Hate robocalls? FTC hopes these guys have an answer

Agency awards $50,000 in cash prizes as it turns to the private sector for help eradicating long-running annoyance of the technology era.

Crowd-Sourced Call Identification and Suppression submission Daniel Klein and Dean Jackson

If there's one Washington topic of conversation that's guaranteed to win plaudits from both sides of the partisan aisle, it's what to do about robocalls.

Despite rules banning most commercial robocalls, the Federal Trade Commission still receives tens of thousands of consumer complaints each month. Indeed on a Web page it operates, the FTC acknowledges that current laws have not stopped companies from "using autodialers that can send out thousands of phone calls every minute for an incredibly low cost."

So if Uncle Sam can't do it alone, the thinking is: turn to the private sector.

Earlier today, the FTC announced the winners of a competition in what it calls its "Robocall Challenge," splitting the $50,000 first-place price for overall solution to Serdar Danis and Aaron Foss. According to the agency, their proposals each deploy a captcha-style test to block illegal calls from getting through.

At the same time, organizations that employ 10 or more people were eligible for another, non-monetary award. For that, the judges selected Daniel Klein and Dean Jackson from Google for their proposed Crowd-Sourced Call Identification and Suppression system.

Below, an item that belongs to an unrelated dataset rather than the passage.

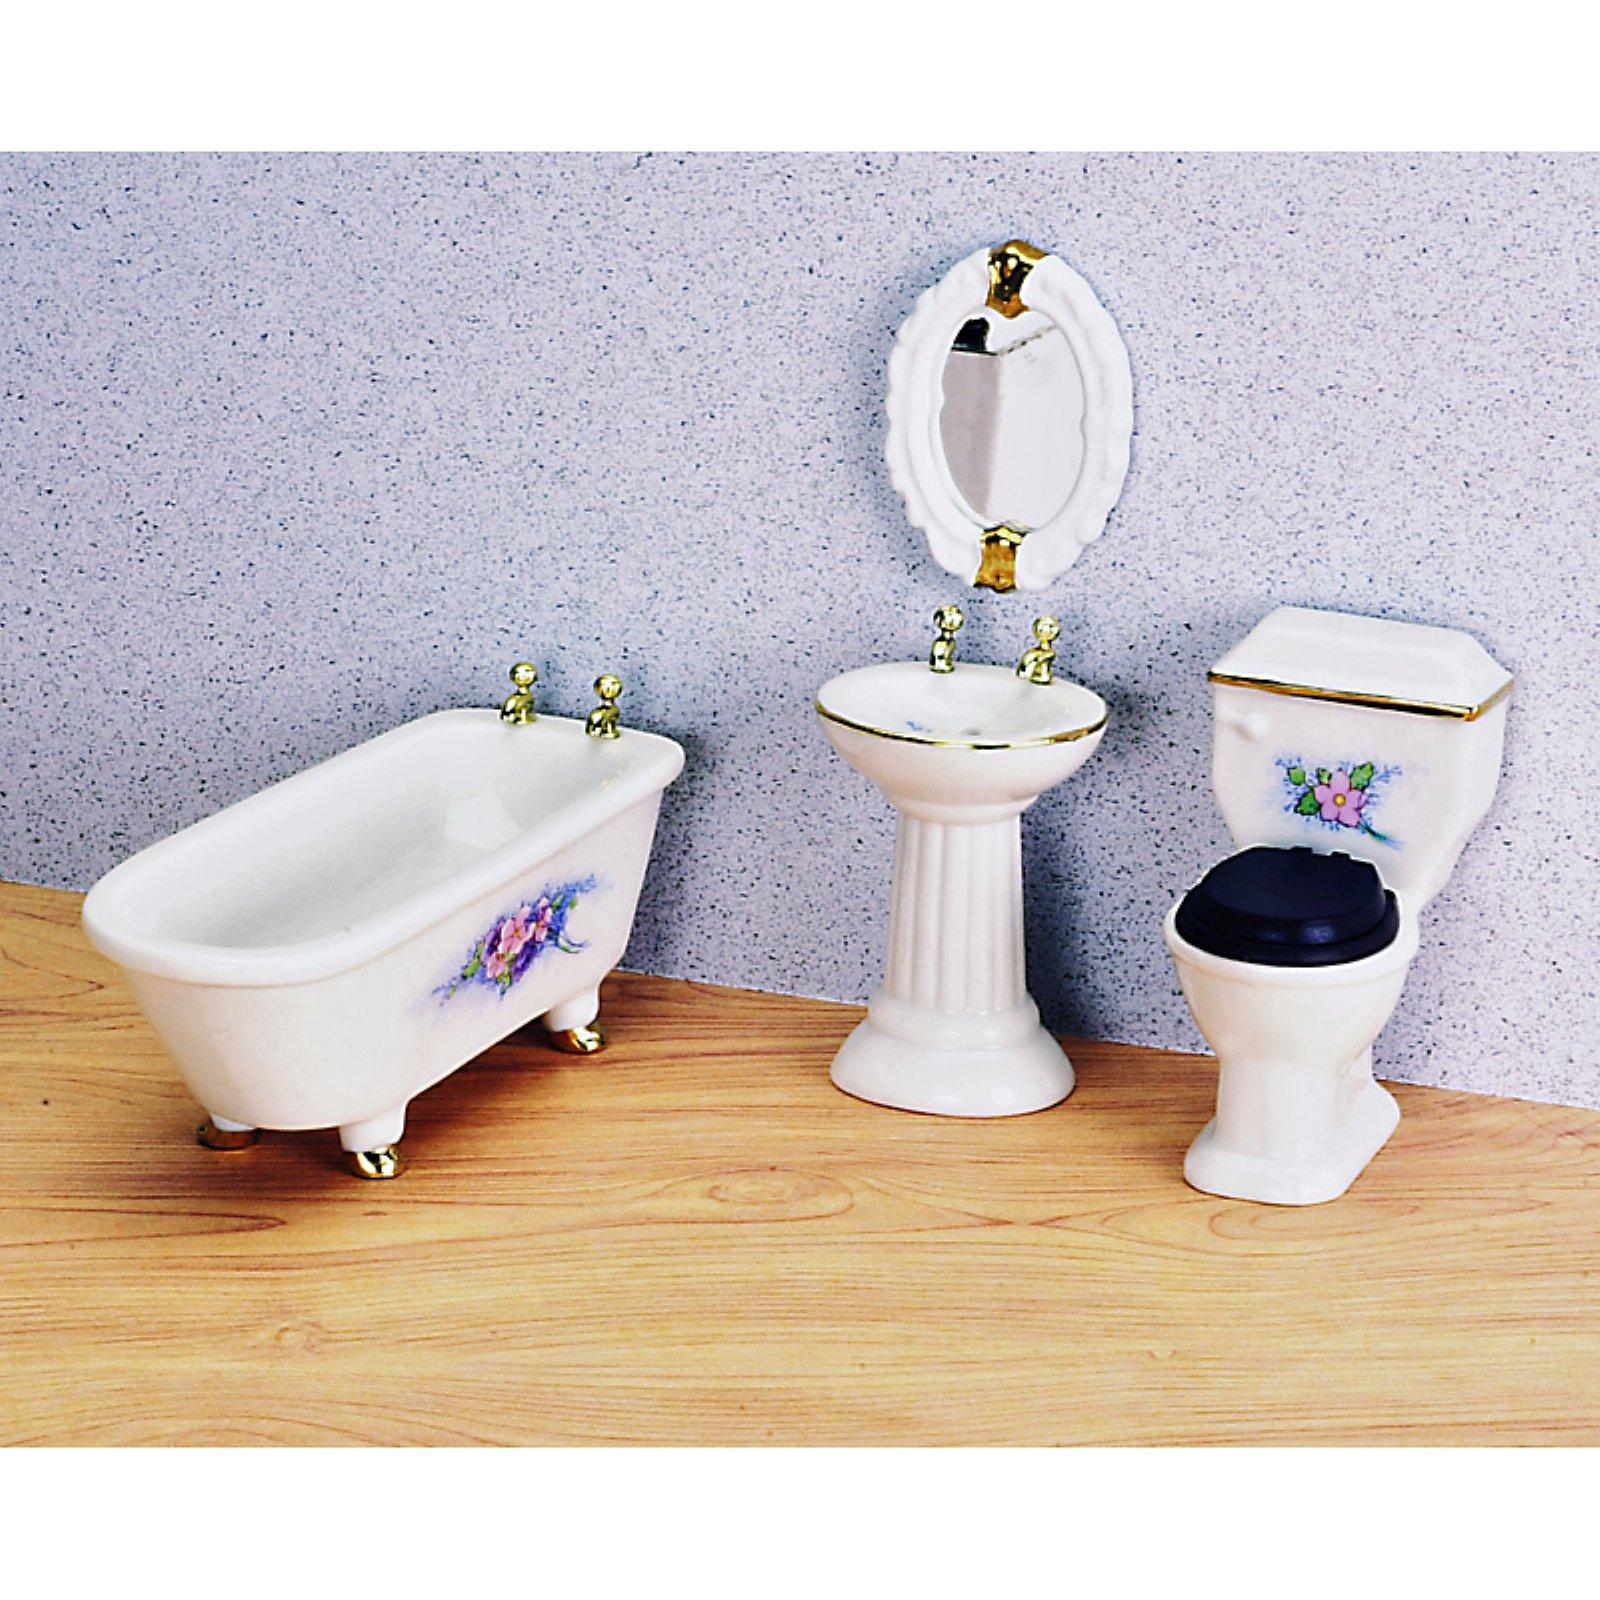 Modern Porcelain Bathroom Dollhouse Miniature Set

"The solutions that our winners came up with have the potential to turn the tide on illegal robocalls, and they show the wisdom of tapping into the genius and technical expertise of the public," Charles Harwood, who is acting director of the agency's Bureau of Consumer Protection, said in a statement. "We're hoping these winning proposals find their way to the marketplace soon, and will provide relief to millions of American consumers harassed by these calls."